Are My Statistics Correct?

The question is often “Are my statistics up-to-date?” which can be a bit misleading.   I can make sure I have up-to-date statistics but the statistics may not be accurate. 

I recently engaged in an issue where the statistics were rebuilt nightly.   A maintenance job change had been made moving from FULLSCAN to WITH SAMPLE statistics creation/update that dramatically altered the statistical layout.  The underlying data was skewed and as such the execution plan generation(s) varied significantly.  Queries running in 1 minute now took over an hour to complete using an alternate plan with significant memory grants and TEMPDB usage.

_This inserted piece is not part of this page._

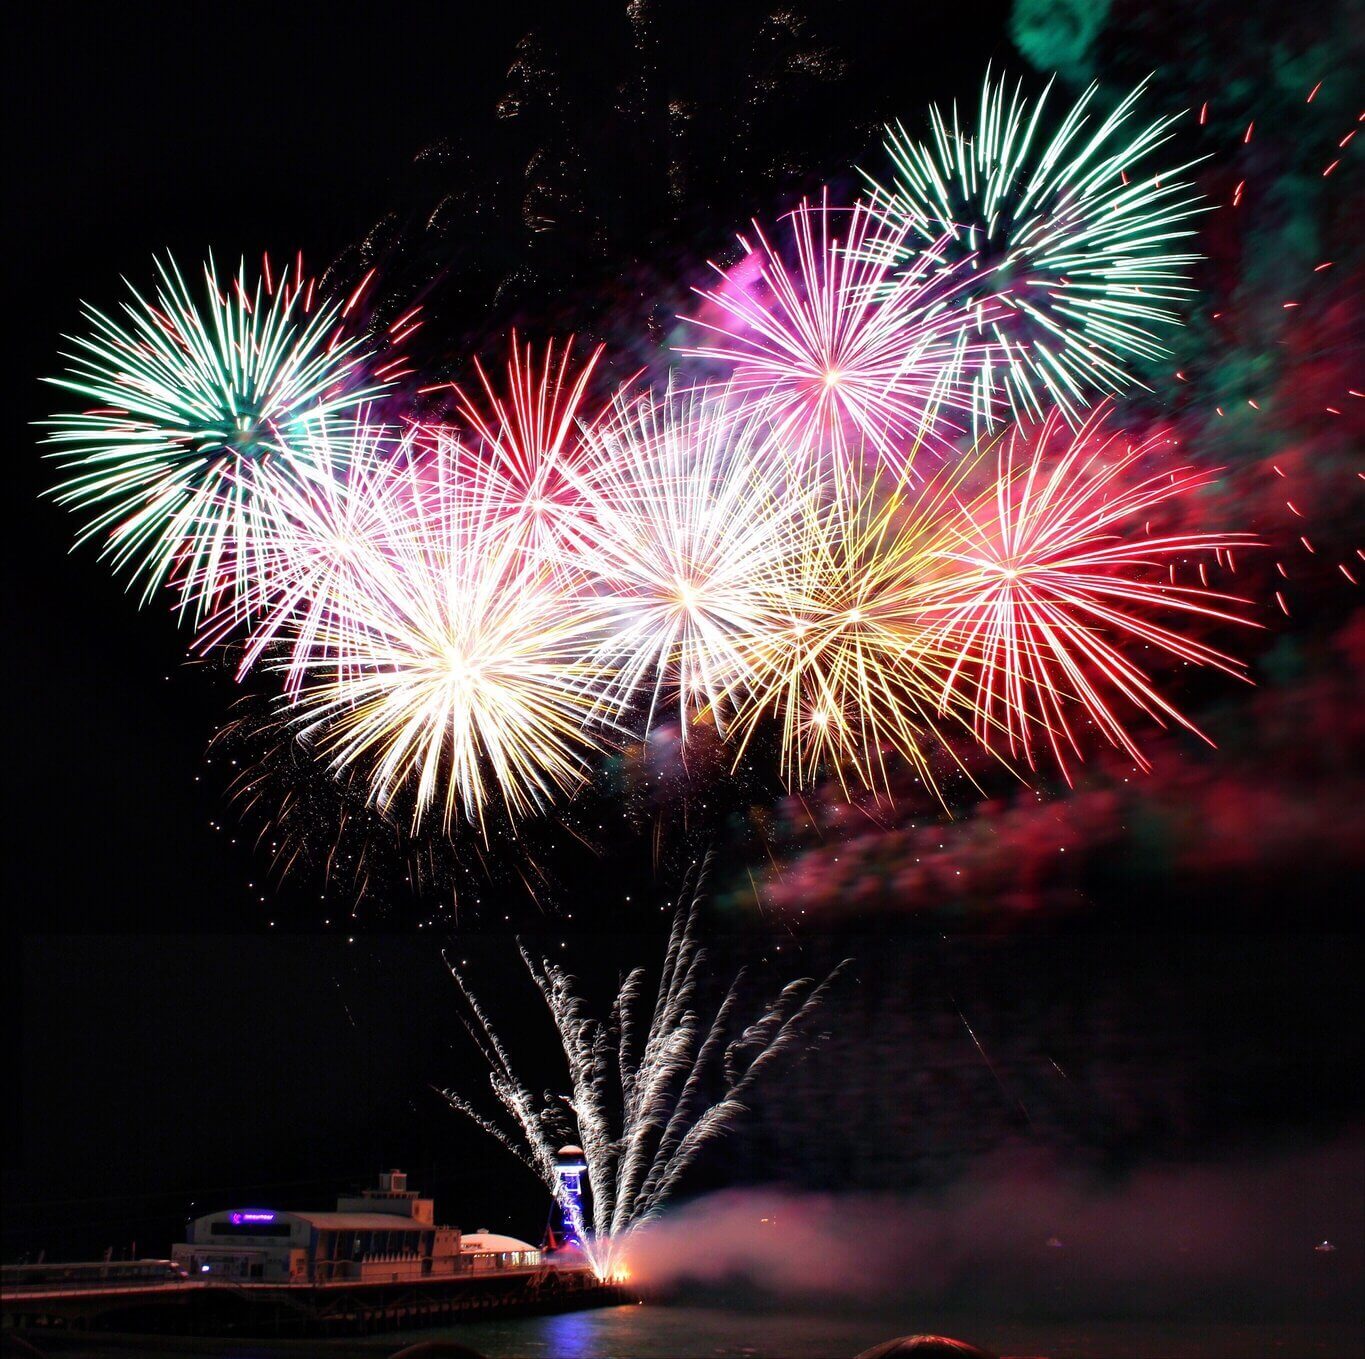 How to Take Photos of Firework Displays - Our Guide
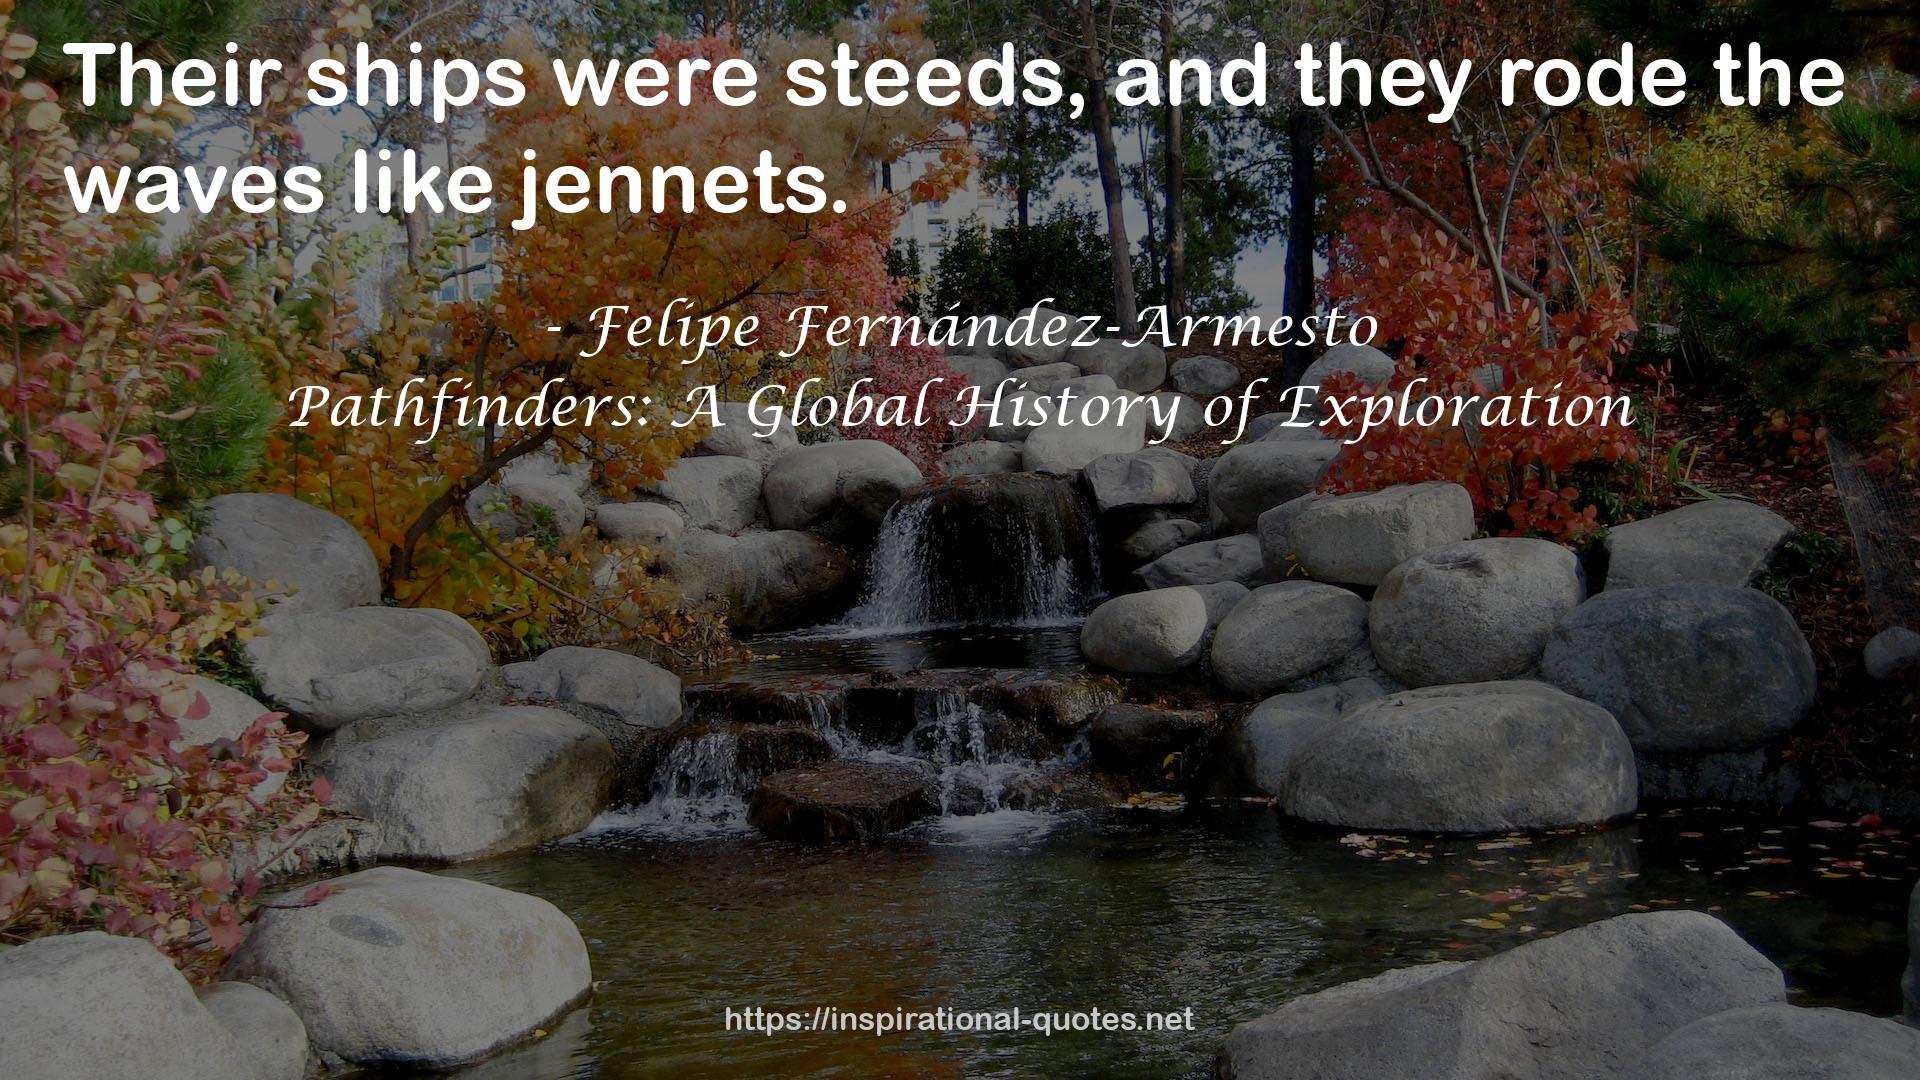 Pathfinders: A Global History of Exploration QUOTES

As you can imagine this issue has resulted in a series of DCR asks from the product team.  

The dilemma we all run into is what level of SAMPLED statistics is appropriate?   The answer is you have to test but that is not always feasible and in the case of Microsoft CSS we generally don’t have histogram, historical states to revisit.  

Microsoft CSS is engaged to help track down the source of a poorly performing query.   It is common step to locate possible cardinality mismatches and study them closer.   Studying the statistics dates, row modification counter(s), atypical parameters usage and the like are among the fundamental troubleshooting steps.

The script, below, is one way Microsoft CSS may use to help determine the accuracy of the current statistics.   You can use similar techniques to check the accuracy of your statistical, SAMPLING choices or to store historical information.  The example loads a specific histogram for the ‘SupportCases’ table then executes queries to, using the key values and range information to determine actual counts (as if FULLSCAN) had been executed.   The final select of the captured data can be used to detect variations in current actual vs the in use histogram.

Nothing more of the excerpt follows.